I plan on putting the pump in some sort of basin directly in the tank to avoid sucking up all my sand. As for the fish I might install mesh over the pump inlet to hopefully keep any fish front being sucked up. I hadn't really thought about the refilling process as I've always used my python and filled directly from the faucet. Guess I'll just attach the draining end of the hose to the faucet and remove the other end from the pump and fill like that. Something I hadn't thought of too; will a typical sink be able to handle the amount of water being pumped out? I'm thinking 30+G/min would overflow a sink....

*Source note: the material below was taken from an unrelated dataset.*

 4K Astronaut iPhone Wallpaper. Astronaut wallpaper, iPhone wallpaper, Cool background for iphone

Sent from my GT-I9000M using Tapatalk


----------



## hp10BII (Apr 23, 2010)

Immus21 said:


> I plan on putting the pump in some sort of basin directly in the tank to avoid sucking up all my sand. As for the fish I might install mesh over the pump inlet to hopefully keep any fish front being sucked up. I hadn't really thought about the refilling process as I've always used my python and filled directly from the faucet. Guess I'll just attach the draining end of the hose to the faucet and remove the other end from the pump and fill like that. Something I hadn't thought of too; will a typical sink be able to handle the amount of water being pumped out? I'm thinking 30+G/min would overflow a sink....
> 
> Sent from my GT-I9000M using Tapatalk


I dunno about overflowing your sink, but the size of the hose (inside diameter) should restrict your outflow. What would be the size of your hose? I use a 3/4" ID and even that extra quarter inch, it's so much faster than the standard 1/2" ID python type hoses.


----------



## hp10BII (Apr 23, 2010)

Kimrocks said:


> Great Info/Topic here -
> 
> A couple of questions:
> 
> ...


How much water would you like to store? There are a few members on the forum that may have food grade containers that can store perhaps 50 gallons of water. I see postings on craigslist or even on this forum from time to time.

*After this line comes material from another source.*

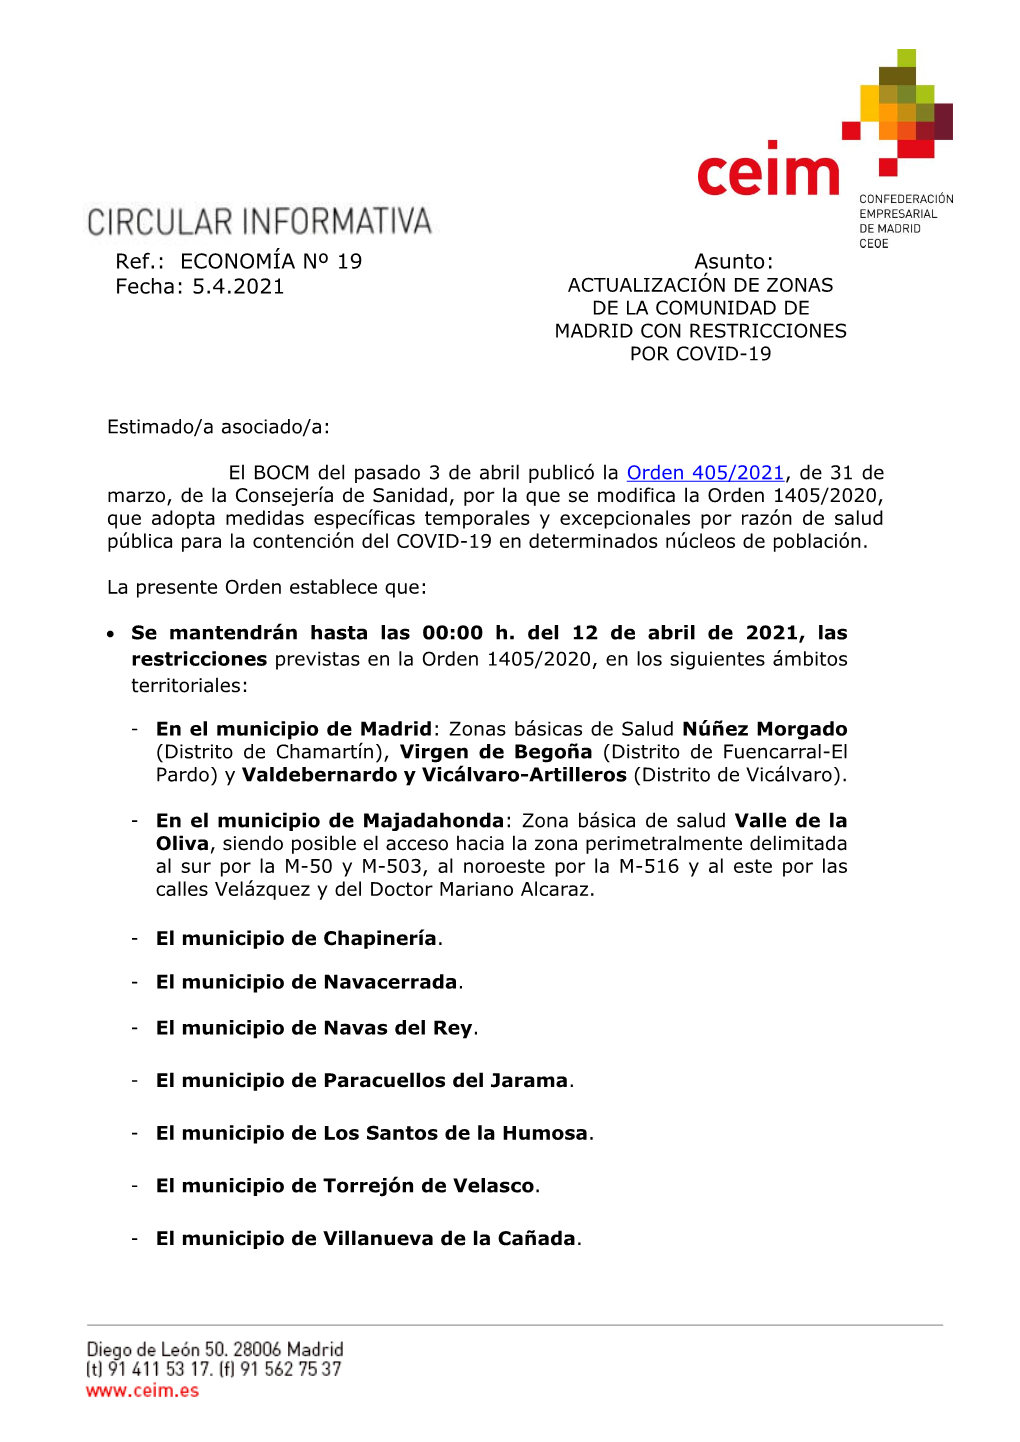 Actualización De Zonas De La Comunidad De Madrid Con Restricciones Por Covid-19

I use the rubbermaid "brute" series of trash cans myself, I have them in 32 and 42 gallon sizes. I heat and aerate it with a little boxed corner filter
filled with floss and gravel (to weight it down) overnight to help outgass the water and it's good to go.

For high volume apps, those utility pumps looks really good, but I use this for draining and attach a Mag 7 pump to refill by dropping it into my trash can:

Safety Siphon Aquarium Drain


----------



## Kimrocks (Aug 30, 2011)

Thanks everyone for these tips. BTW - The Typical sink is unable to drain water fast enough for the 1/3 HP pump (water flow was too strong) - found that out when I tried it last week - : )


----------



## Clownloachlover (Apr 21, 2010)

if you have a floor drain in your basement, why not just direct your drain hose there...there SHOULD be a floor drain near your hot water tank if that is in your basement


----------



## deepRED (May 22, 2010)

Kimrocks said:


> Great Info/Topic here -
> 
> A couple of questions:
> 
> ...


The largest brute container that home depot carries is 50 gallons. it's the large wheeled one. The only problem is that it's pretty expensive. For the price, I'd rather pick up a 50 or 75 gallon tank and use that to store my water. That way if you ever get the itch you can set it up in a pinch. 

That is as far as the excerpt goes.